The starting order for the pursuit was based on the results of the sprint; the top 60 finishers in that race qualified for the pursuit. In addition, each racer's final deficit behind sprint winner Sven Fischer corresponded to their starting deficit in the pursuit; Halvard Hanevold, who finished 8 seconds behind Fischer in the sprint, started 8 seconds after him in the pursuit. The winner was the first racer over the finish line, Vincent Defrasne.

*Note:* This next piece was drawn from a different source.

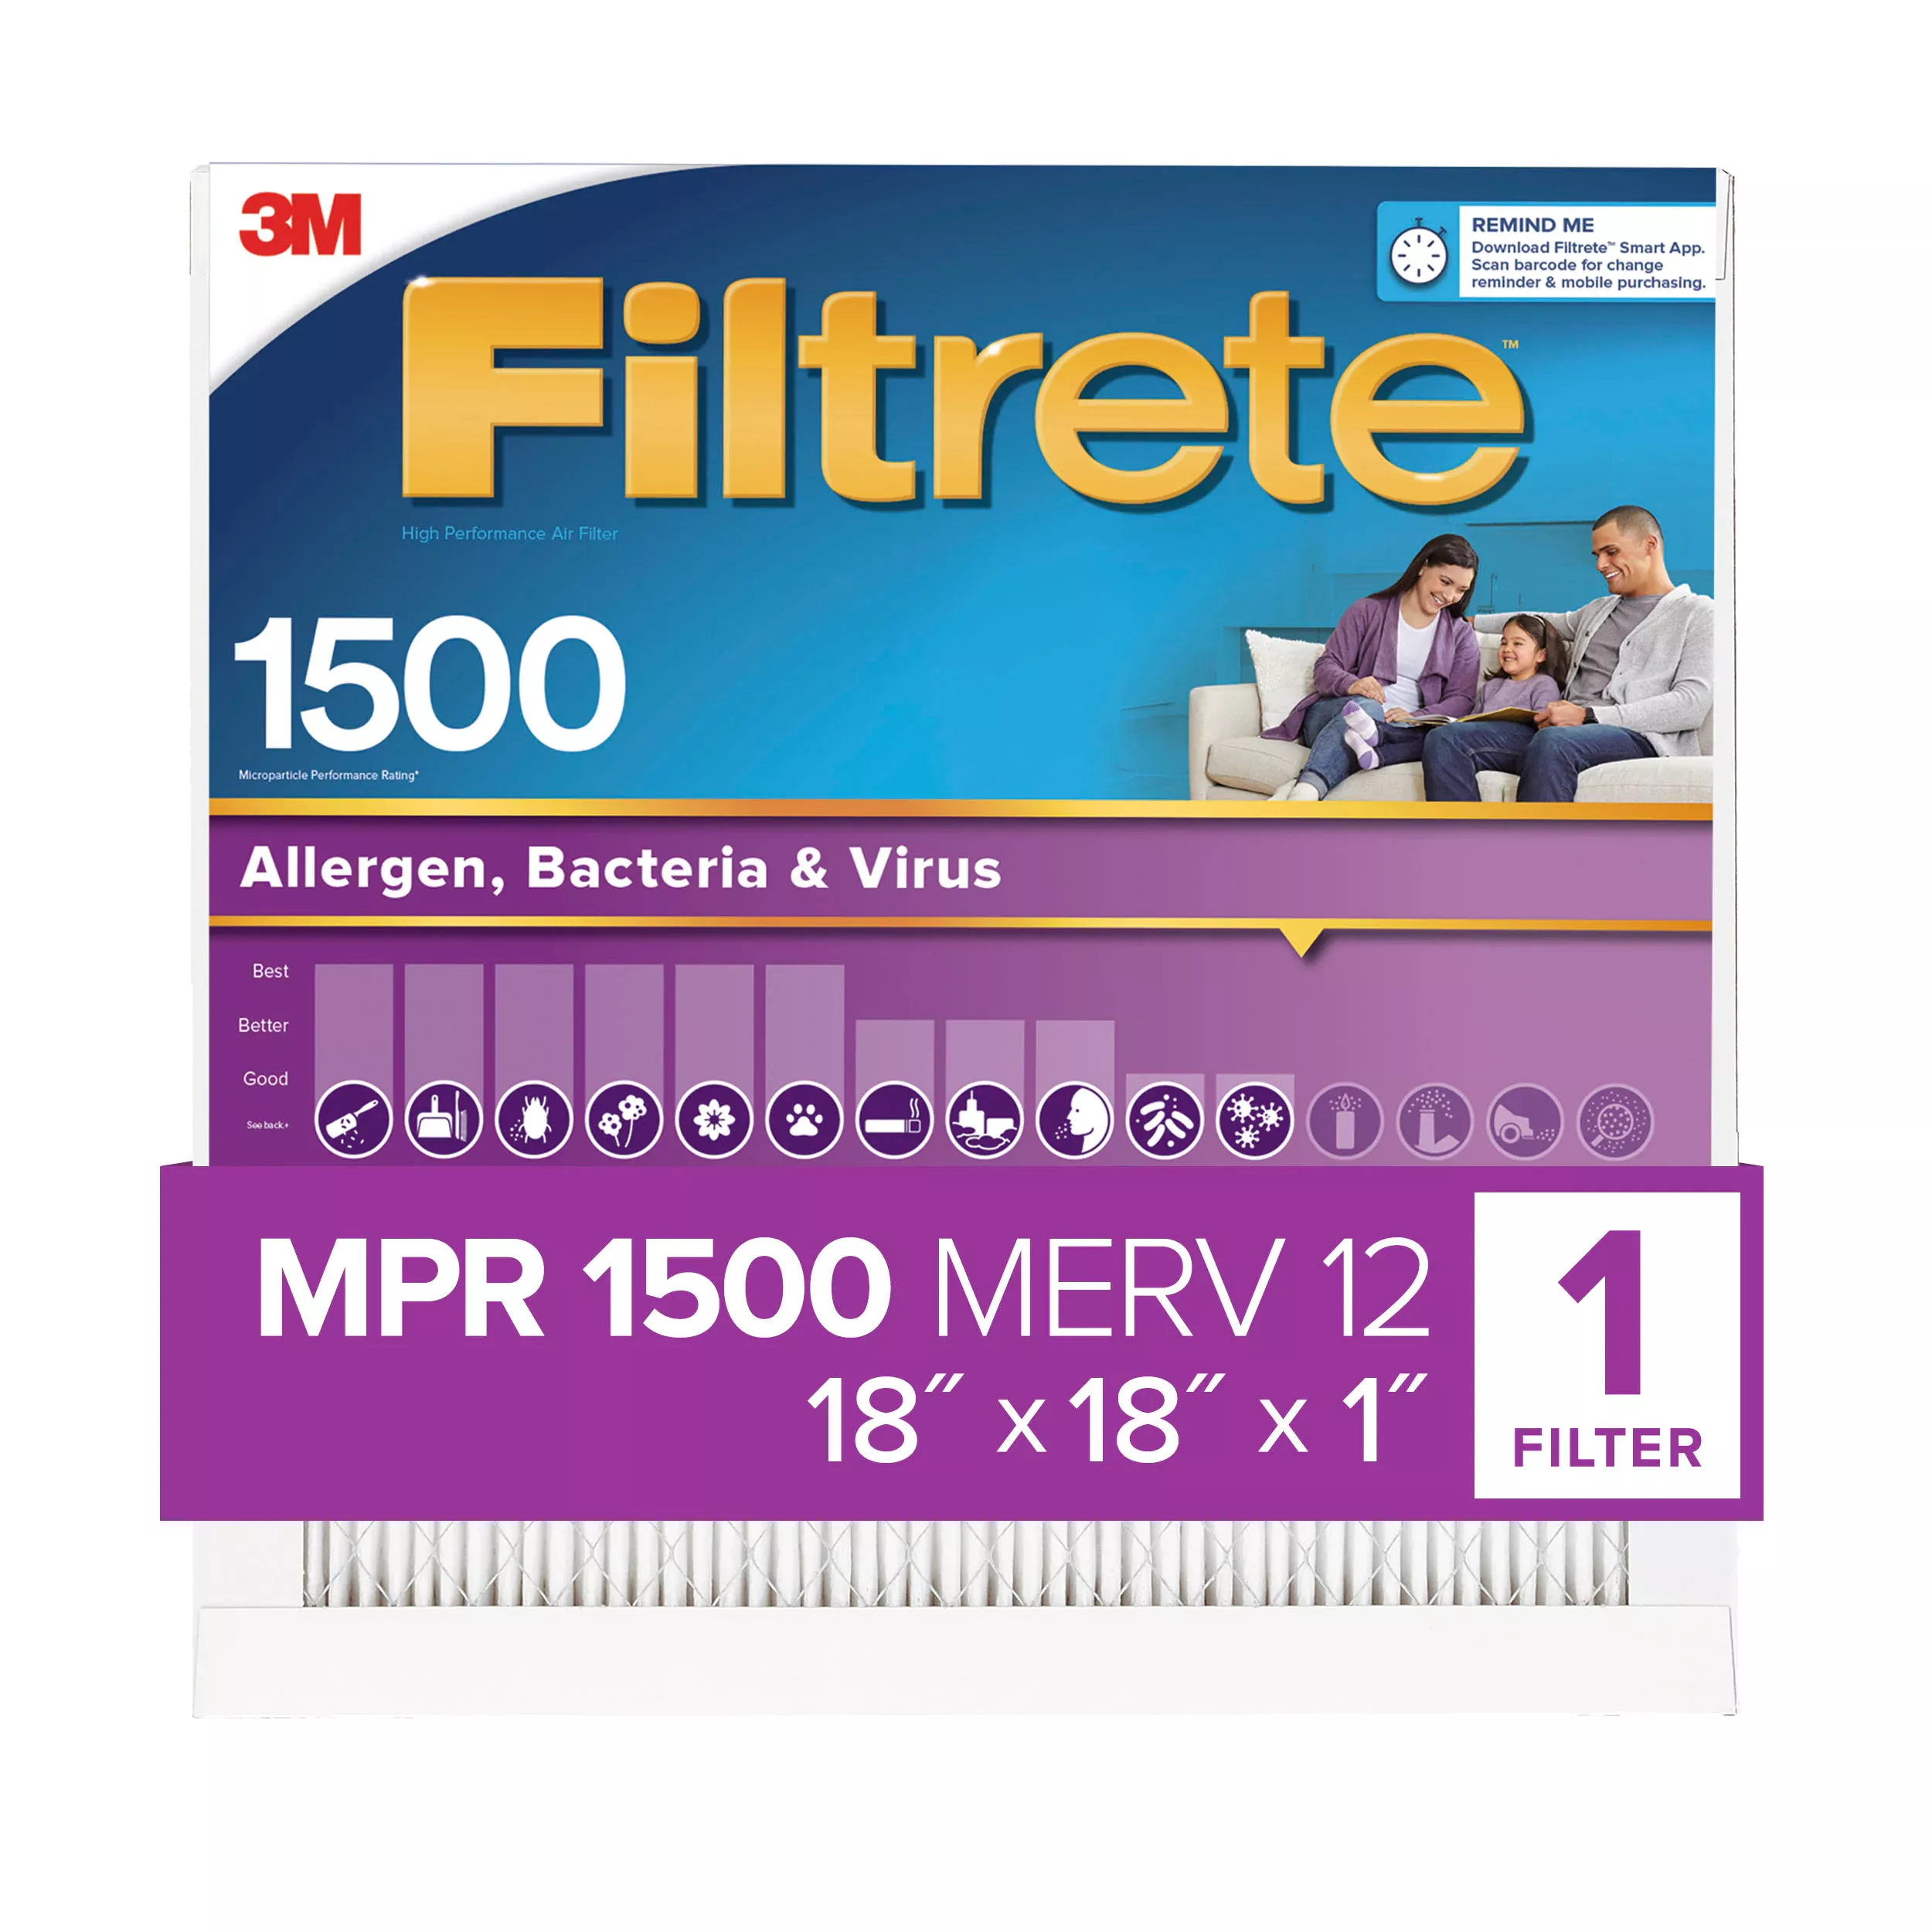 Filtrete™ Allergen, Bacteria & Virus Air Filter, 1500 MPR, 2017-4, 18 in
x 18 in x 1 in (45,7 cm x 45,7 cm x 2,5 cm)

Ole Einar Bjørndalen was the defending World and Olympic champion in this event, but was ranked fourth in the World Cup standings before the Games, behind Germany's Michael Rösch, Frenchman Raphaël Poirée and another German, Sven Fischer.

Results 

Two Austrian athletes were disqualified after the IOC determined they had violated the Anti-Doping rules; Wolfgang Rottmann had originally placed 21st, while Wolfgang Perner had placed 25th.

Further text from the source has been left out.